Il invite à une démarche qui rendra possible une meilleure réception de la tragédie. De fait, les siècles de commentaires ont empoussiéré la tragédie et nous empêchent d’entendre sa

153 Paya, Farid, De la lette à la scène, la tragédie grecque, Saussan, Éditions l’Entretemps, 2000, p. 11.

voix. Des obstacles font de la voix puissante de la tragédie un murmure. Et seule la scène permettra de saisir charnellement la réalité. Il croise deux démarches pour mener sa réflexion :

« Comprendre au mieux la tragédie dans son contexte. Chasser les idées reçues, conventions dues à des commentateurs coupés du théâtre.

Il y a lieu d’entendre la voix tragique avant de réaliser » (Paya, Farid, 2000, p. 11).

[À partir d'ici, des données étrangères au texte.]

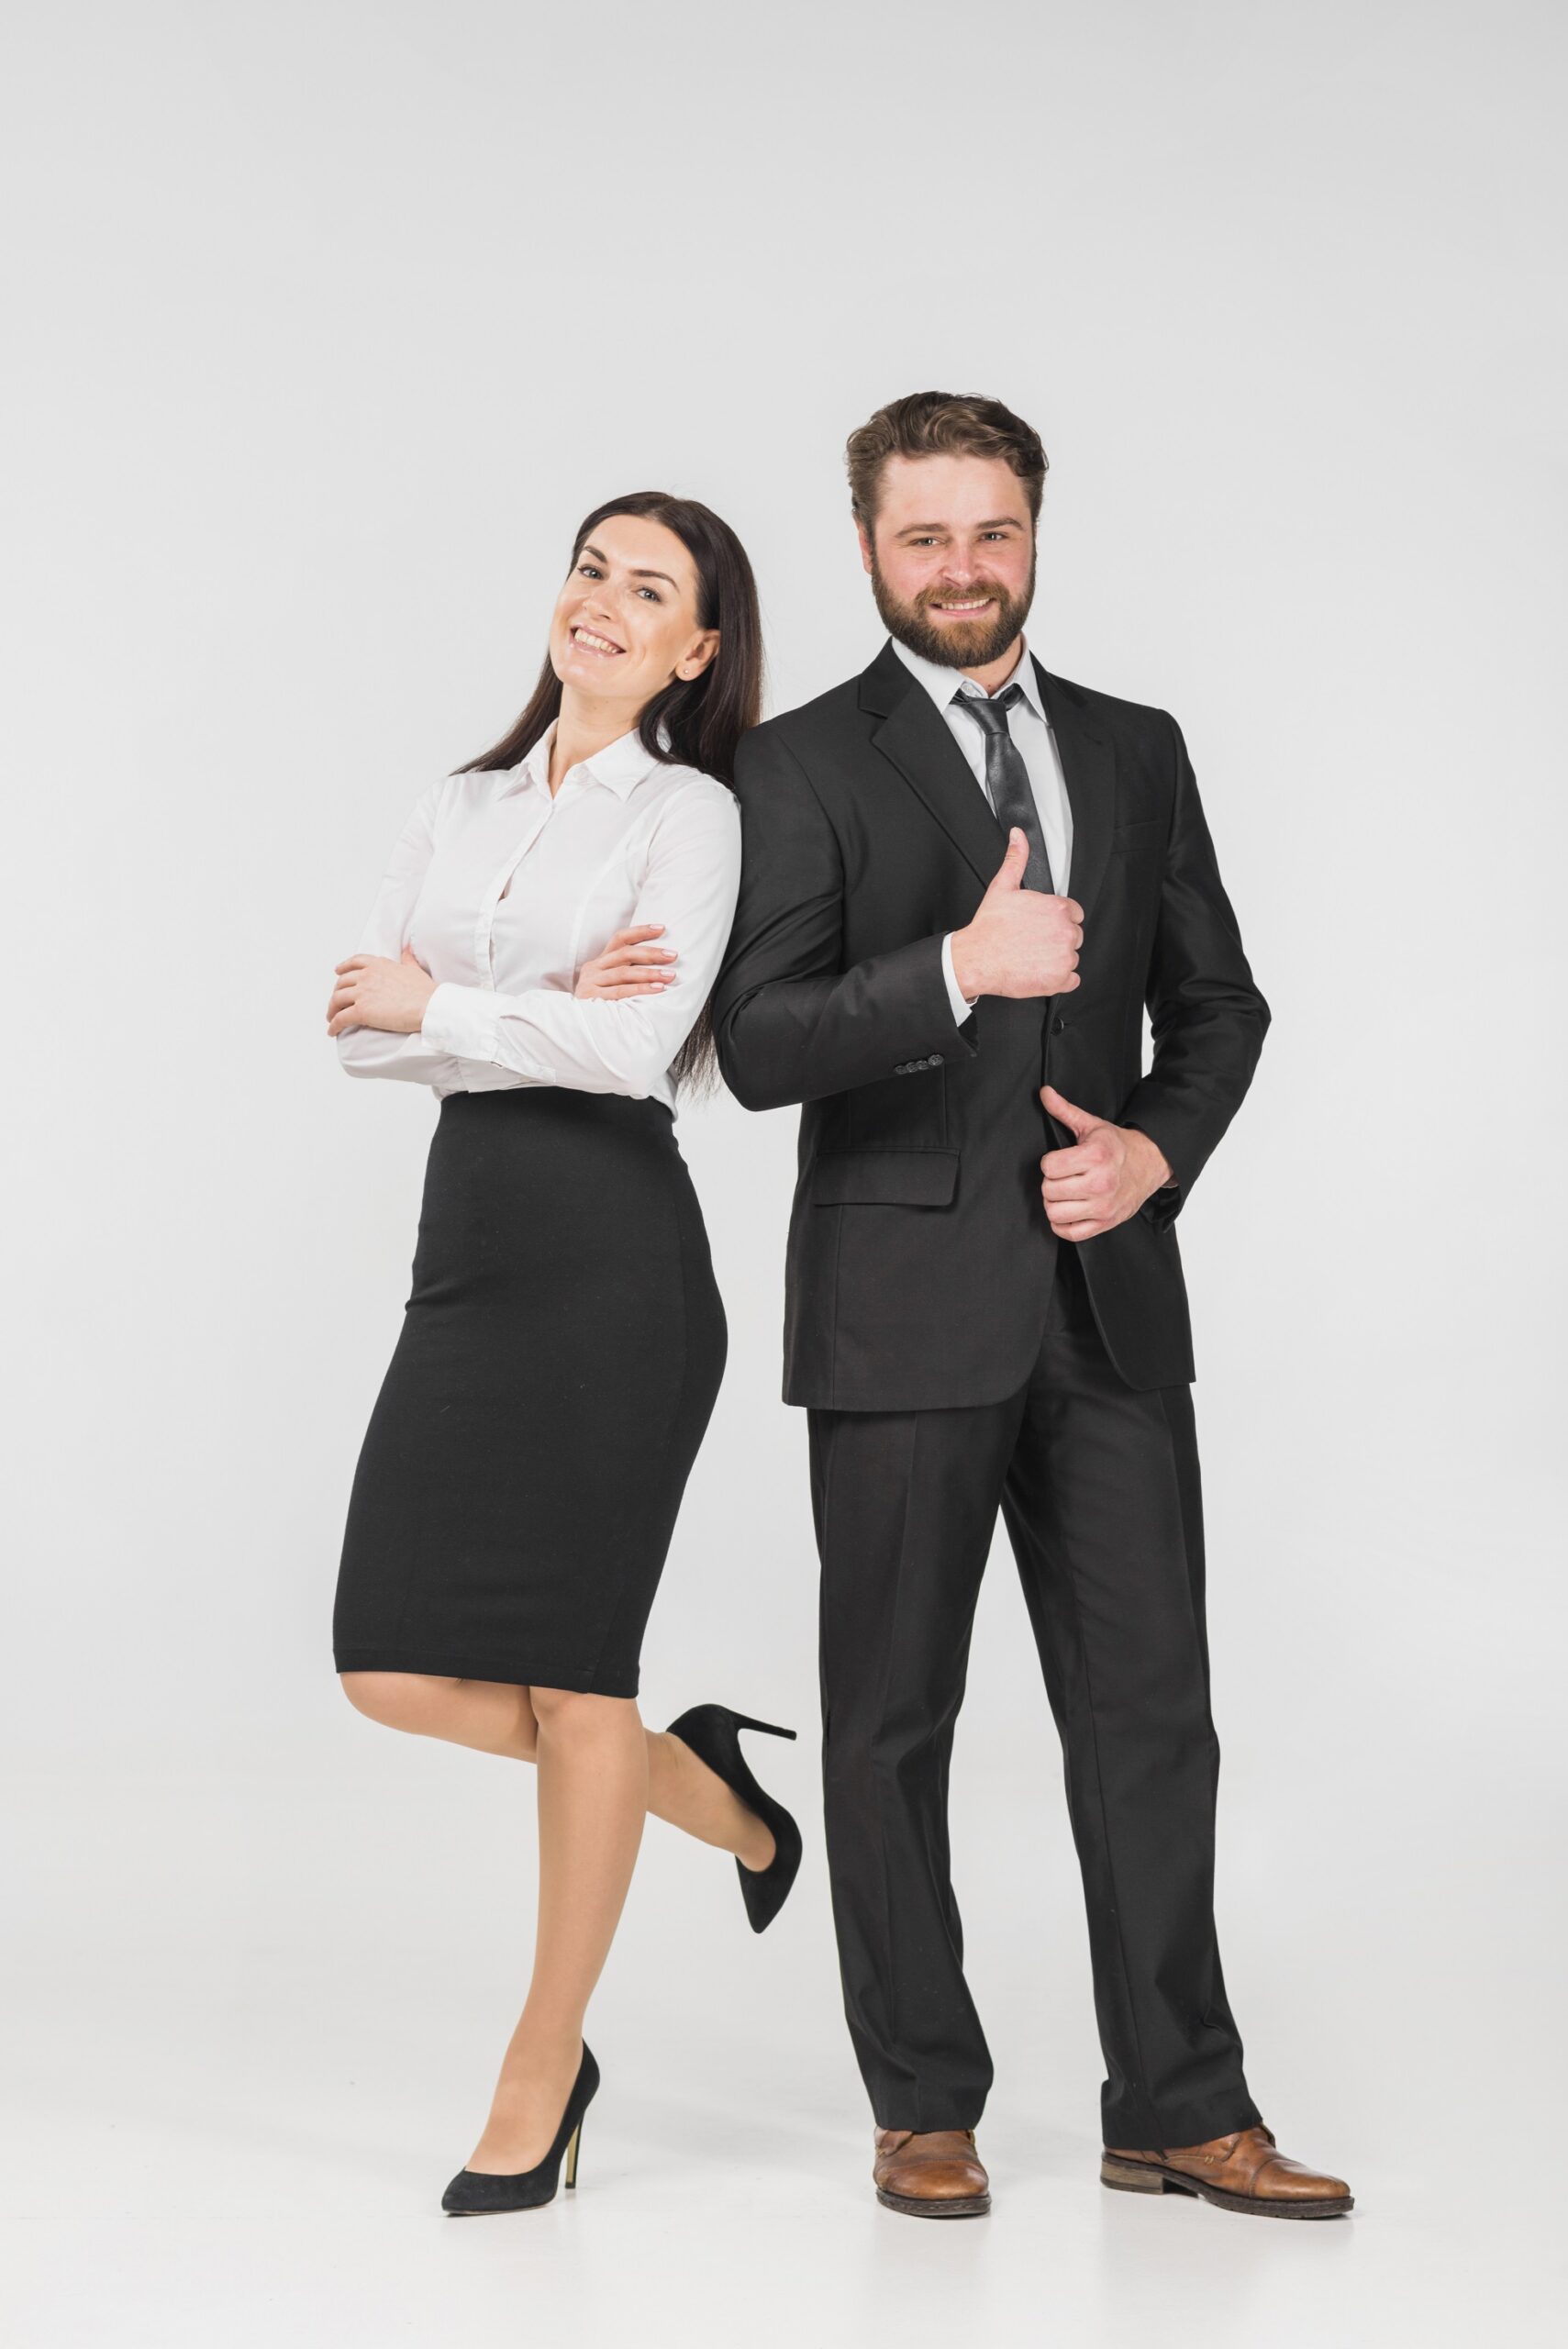 colleagues-man-and-woman-leaning-on-each-other-and-smiling40
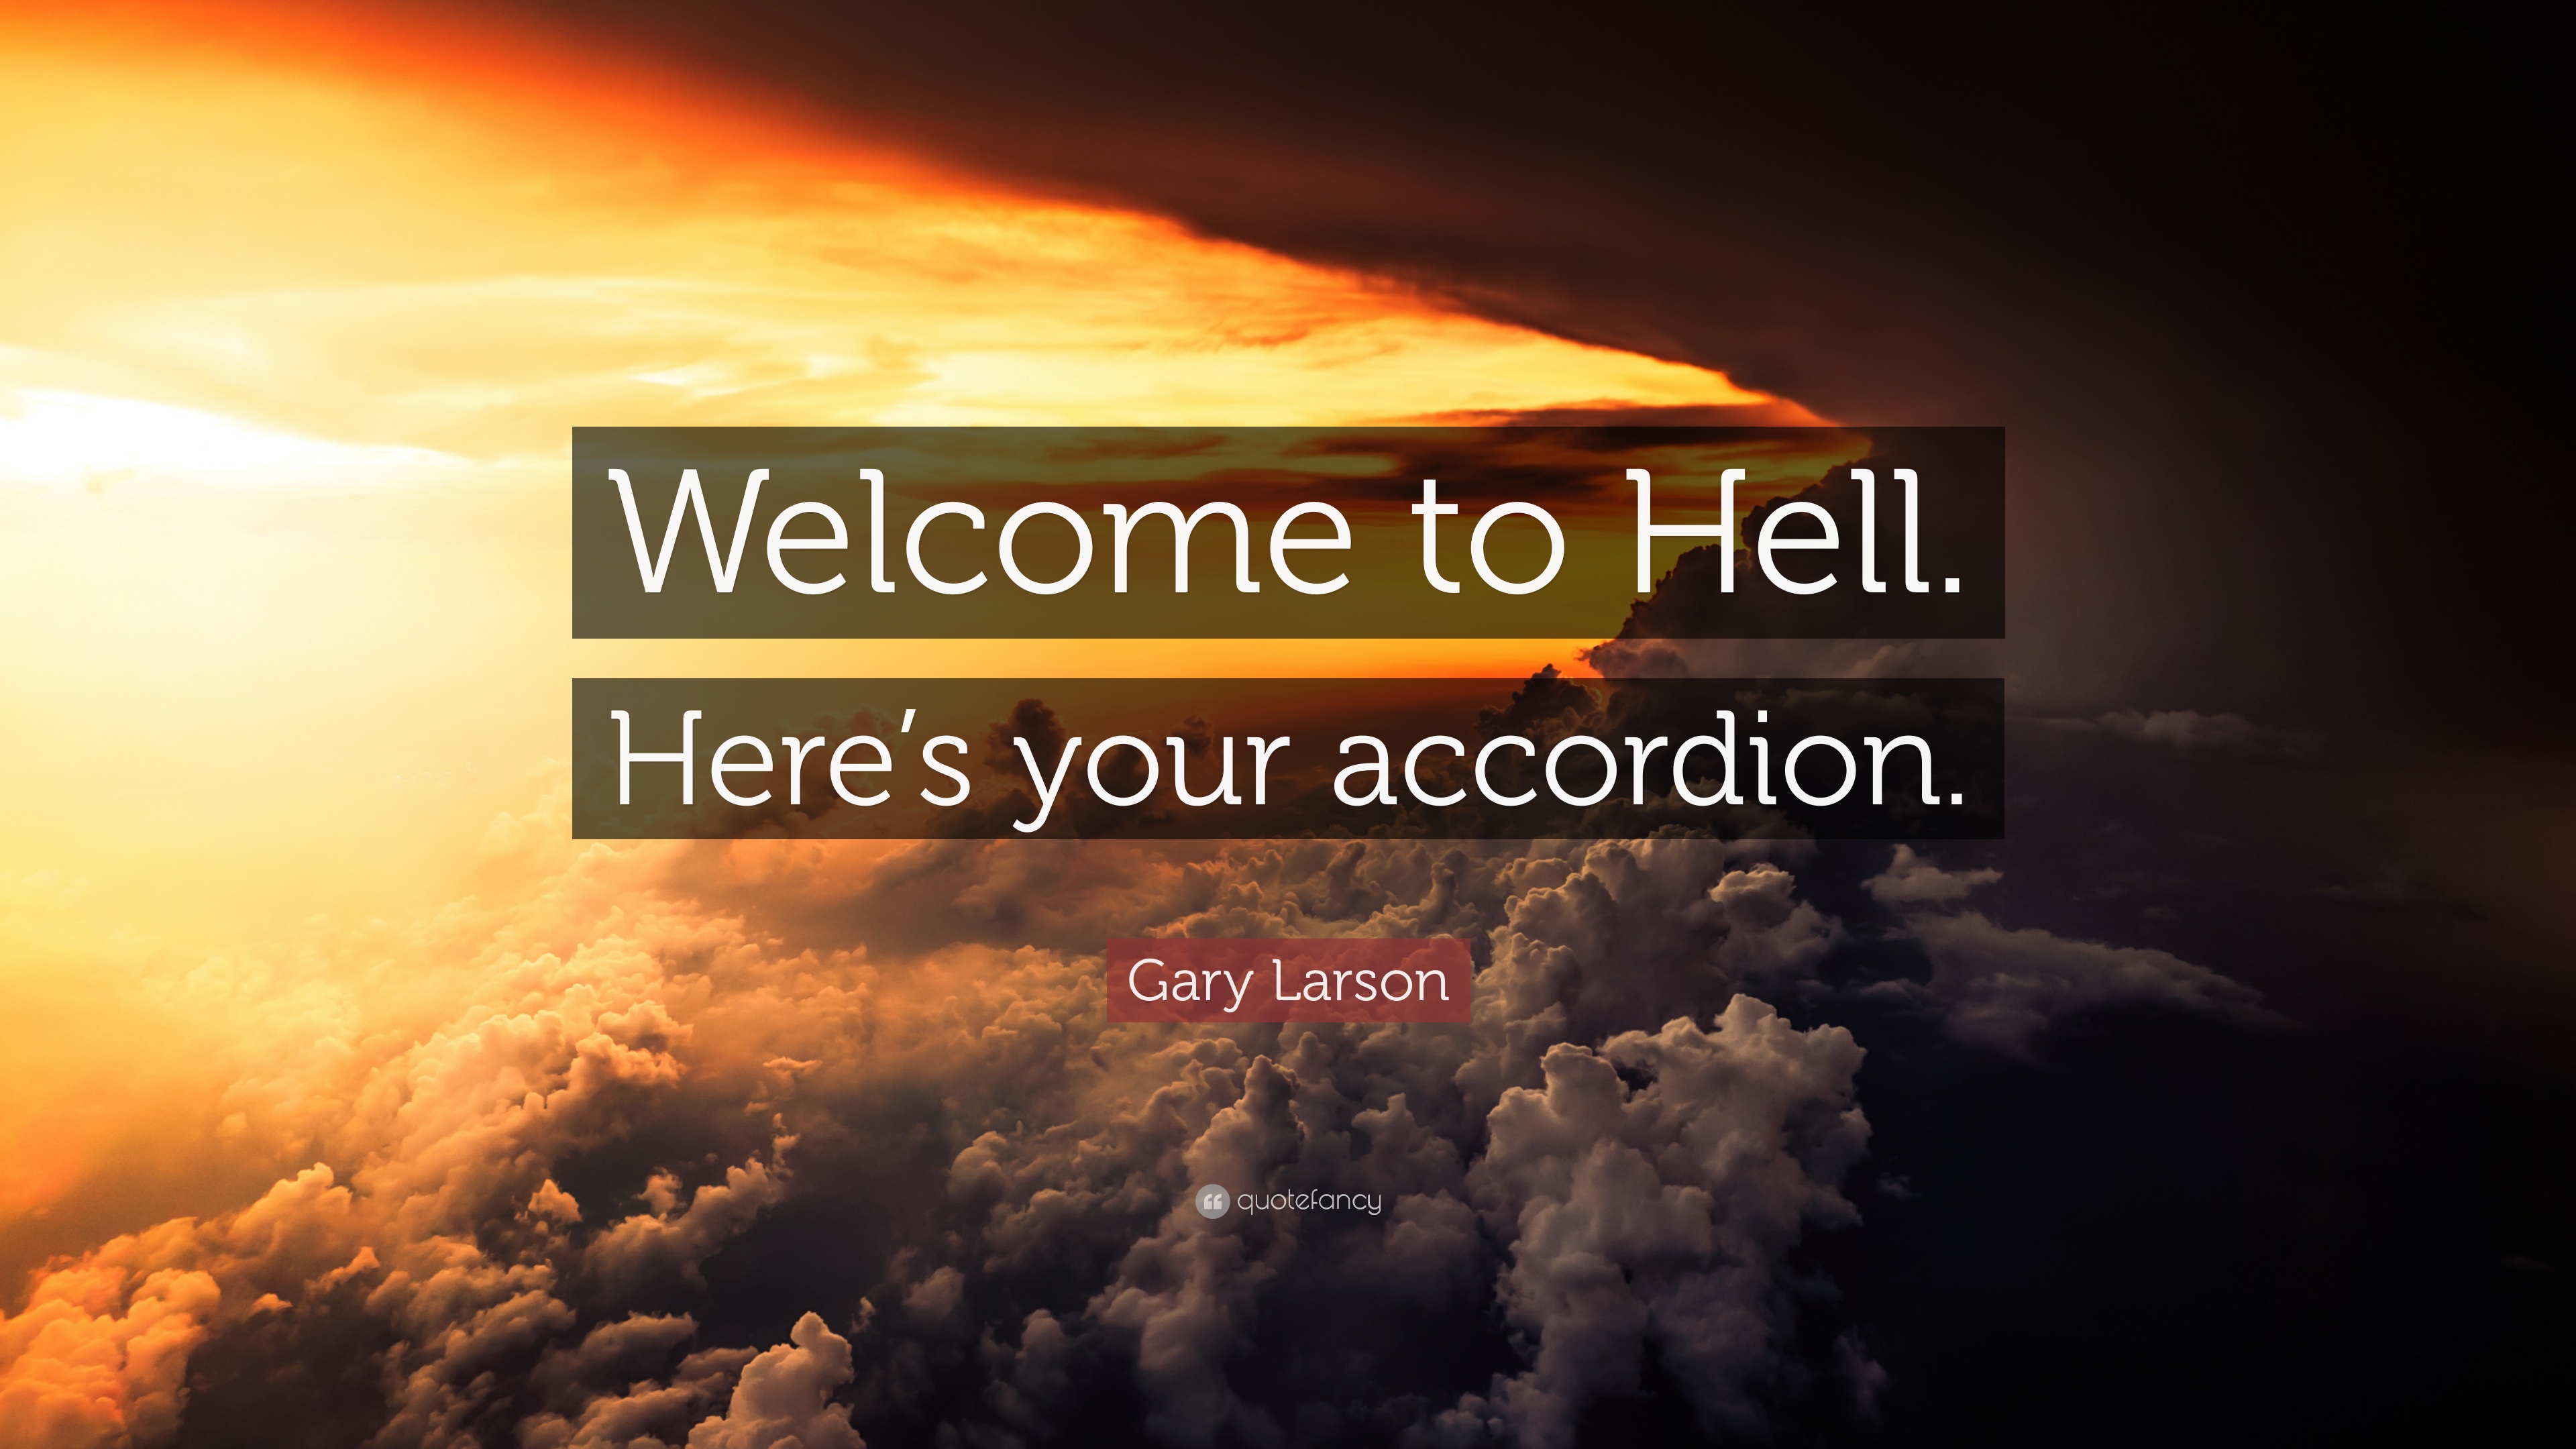 Gary Larson Quote: “Welcome to Hell. Here's your accordion.” 12

Il reconnaît tout de même la difficulté à mettre en scène des œuvres d’une époque différente de la nôtre :

« De nos jours l’intérêt pour la tragédie est vif, mais il est difficile de rendre compte de sa réalité profonde, politique, artistique, spectaculaire et sociale. La tragédie se jouait dans un contexte social, pour une scène donnée, avec un mode d’adresse précis au public. L’espace et le temps sont créateurs de sens. Un texte écrit pour des circonstances très déterminées ne peut être transporté impunément dans un autre contexte » (Paya, Farid, p. 17-18).

Il est vrai que des transformations naissent au fil des années. Ces dernières vident les représentations en l’honneur de Dionysos de leurs significations originelles. Et, le metteur en scène, dans la mesure où depuis André Antoine il devient créateur au même titre que l’auteur, incite à une lecture plurielle d’une œuvre, aussi lointaine qu’elle puisse paraître. À ce titre, la lecture de la pièce varie selon la sensibilité du metteur en scène. Ainsi se construisent les interprétations, les lectures politique et sociale qui construisent au fil des années la pérennité de la tragédie grecque. Cela nous conduit à affirmer que la mise en scène, tout comme la critique philosophique et la réécriture de Sophocle, participe au processus d’immortalisation de la tragédie.